The Nature of Halogen⋅⋅⋅Halogen Synthons: Crystallographic and Theoretical Studies

Abstract

A study of the halogen⋅⋅⋅halogen contacts in organic compounds using ab initio calculations and the results of previously reported crystallographic studies show that these interactions are controlled by electrostatics. These contacts can be represented by the geometric parameters of the CX₁⋅⋅⋅X₂C moieties (where θ₁=CX₁⋅⋅⋅X₂ and θ₂=X₁⋅⋅⋅X₂C; r_i=X₁⋅⋅⋅X₂ distance). The distributions of the contacts within the sum of van der Waals radii (r_vdW) versus θ_i (θ₁=θ₂) show a maximum at θ≈150° for X=Cl, Br, and I. This maximum is not seen in the distribution of F⋅⋅⋅F contacts. These results are in good agreement with our ab initio calculations. The theoretical results show that the position of the maximum depends on three factors: 1) The type of halogen atom, 2) the hybridization of the ipso carbon atom, and 3) the nature of the other atoms that are bonded to the ipso carbon atom apart from the halogen atom. Calculations show that the strength of these contacts decreases in the following order: I⋅⋅⋅I>Br⋅⋅⋅Br>Cl⋅⋅⋅Cl.
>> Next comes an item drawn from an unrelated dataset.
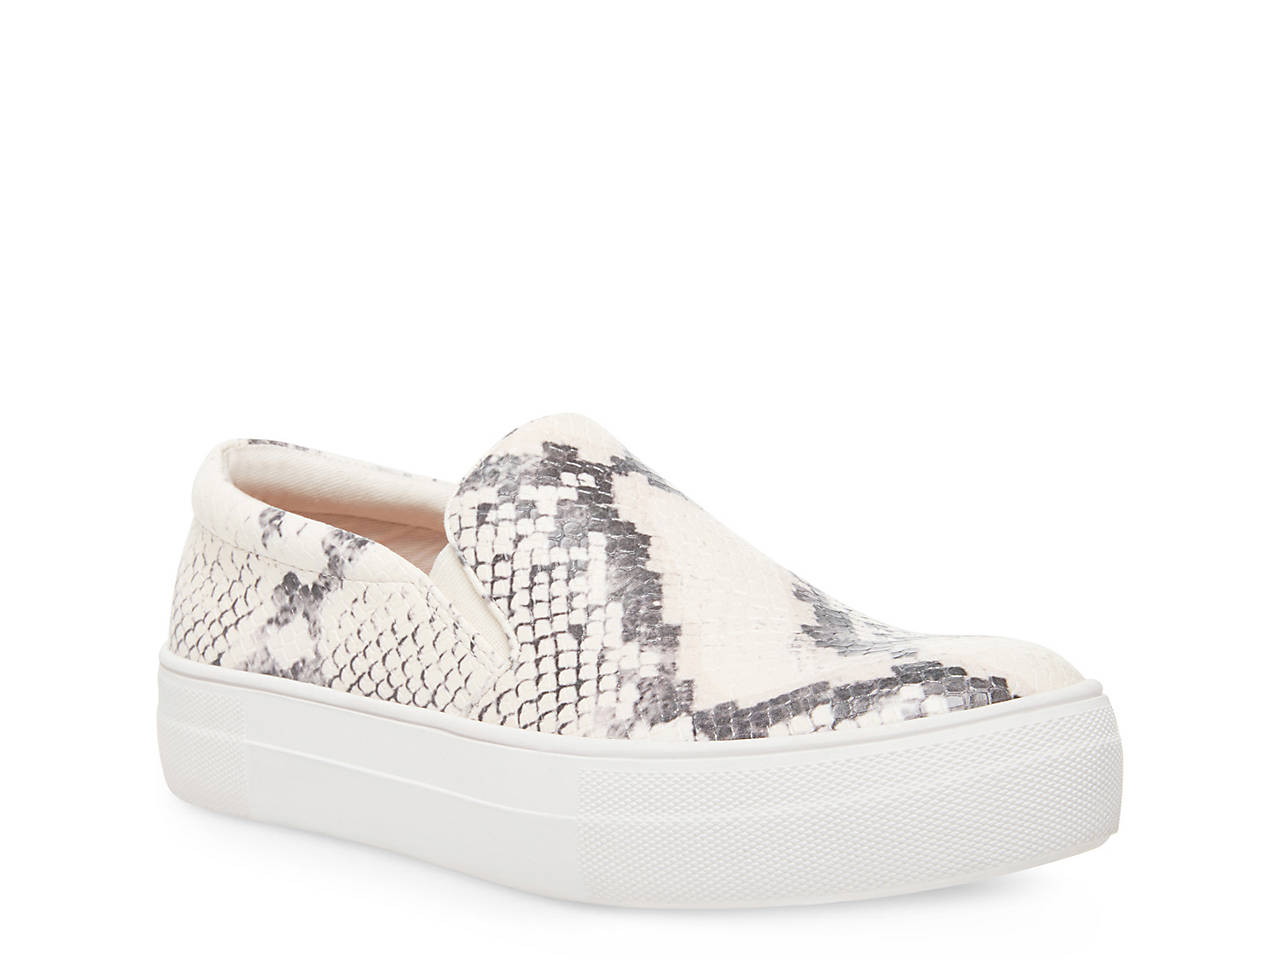 f4487c43831 Gills Platform Slip-On Sneaker
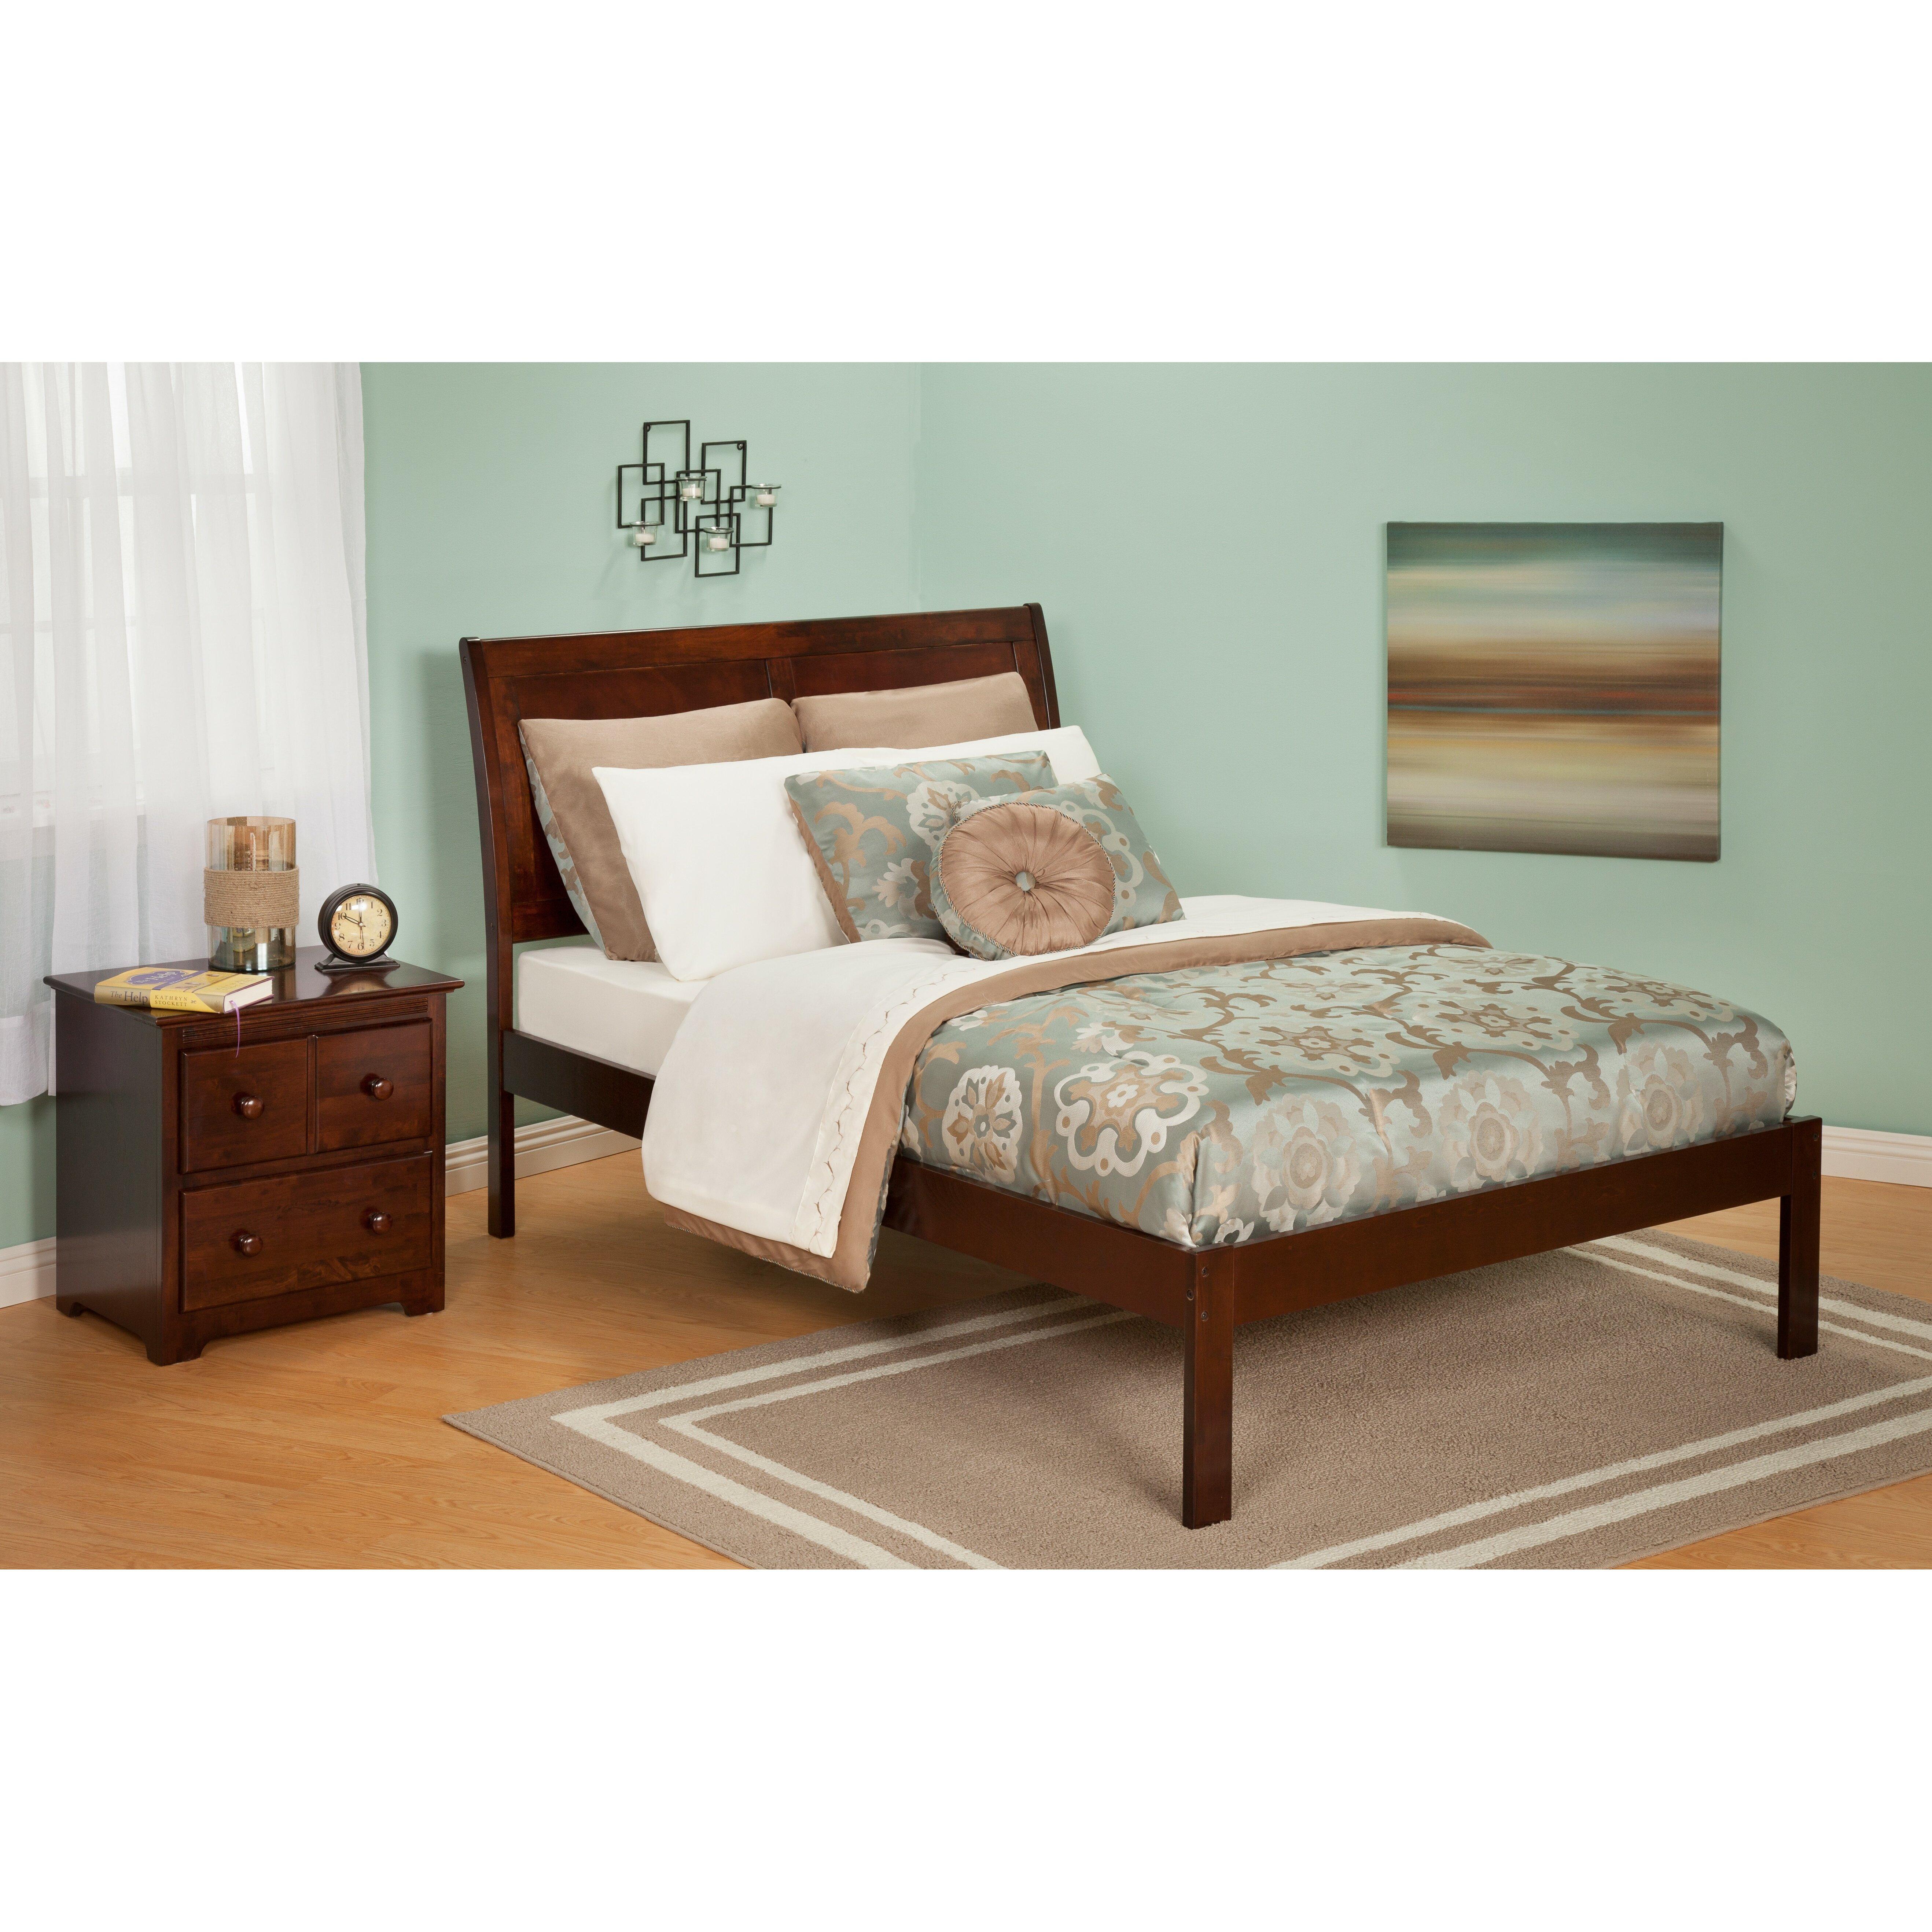 Washington twin over full bunk bed with trundle amp reviews wayfair - Atlantic Furniture Wayfair

Their relative strengths decrease as a function of the hybridization of the ipso carbon atom in the following order: sp²>sp>sp³. Attaching an electronegative atom to the carbon atom strengthens the halogen⋅⋅⋅halogen contacts. An electrostatic model is proposed based on two assumptions: 1) The presence of a positive electrostatic end cap on the halogen atom (except for fluorine) and 2) the electronic charge is anisotropically distributed around the halogen atom.